Luis Antônio Lima comenta os desafios para melhorar a experiência do usuário de call center

O sucesso no mundo dos negócios está diretamente ligado ao poder de se reinventar, adaptando produtos ou serviços e, sempre que possível, se antecipando às tendências do mercado. De uns anos pra cá, é possível ver que grande parte dos investimentos das empresas foram direcionados para a experiência do consumidor. E isso deve continuar em 2018. Quem não colocar o cliente no centro de suas estratégias irá perder cada vez mais espaço no mercado.

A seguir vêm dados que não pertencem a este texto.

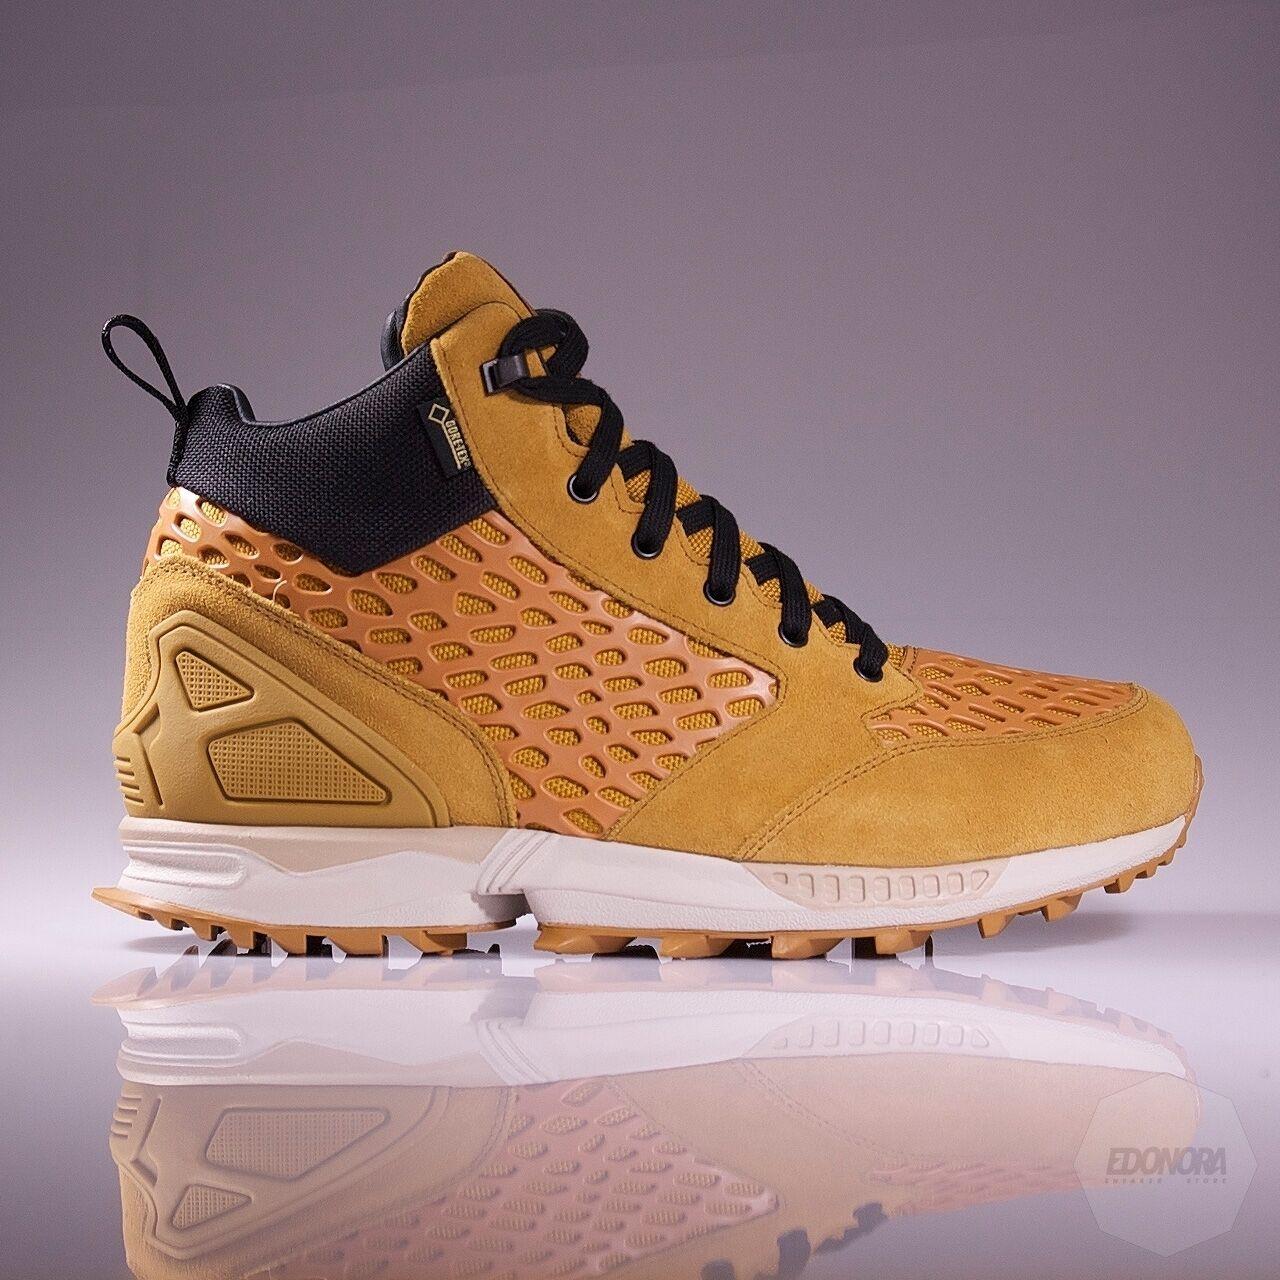 Adidas zx gore - tex tac torsion schild gtx trail - wandern torsion tac schuh terrex - männer sz - 8 20a1ae

O desafio das empresas é aprimorar todos seus pontos de contato com o cliente final, adotando ações cada vez mais inteligentes. E a tecnologia é uma grande aliada nesse processo e pode influenciar de maneira positiva a experiência vivida por quem entrou em contato com sua empresa. Ou seja, ela pode contribuir para que a gestão do relacionamento seja mais eficiente. Quando o atendimento é bom e excede as expectativas, o empresário amplia suas chances de fidelização e retenção do cliente. Afinal de contas, tudo que as pessoas desejam é serem atendidas de maneira eficiente, resolvendo seu problema de maneira fácil e rápida.

O mercado de call center é um dos setores que está mais atento a essas mudanças. Isso se deve por duas razões: as constantes necessidades dos clientes e – principalmente – pelas inovações tecnológicas. Para os próximos anos, essas mudanças devem acontecer num ritmo ainda mais acelerado. O aperfeiçoamento contínuo dos sistemas utilizados é o que vai criar e manter um nível de experiência para os clientes e fazer com que as empresas se destaquem no mercado.

Nos próximos anos, o call center, de modo geral, continuará apostando na evolução dos seus serviços, com destaque para a integração dos canais de atendimento. Arrisco dizer que essa medida é um caminho sem volta. Com a adoção de sistemas integrados, será mais fácil fidelizar e encantar clientes, construindo um bom relacionamento com eles. O investimento em tecnologia é o caminho para aperfeiçoar a experiência do cliente e oferecer um atendimento mais personalizado. Enquanto os softwares cuidam do “trabalho pesado”, os atendentes tem mais condições de realizar um atendimento melhor.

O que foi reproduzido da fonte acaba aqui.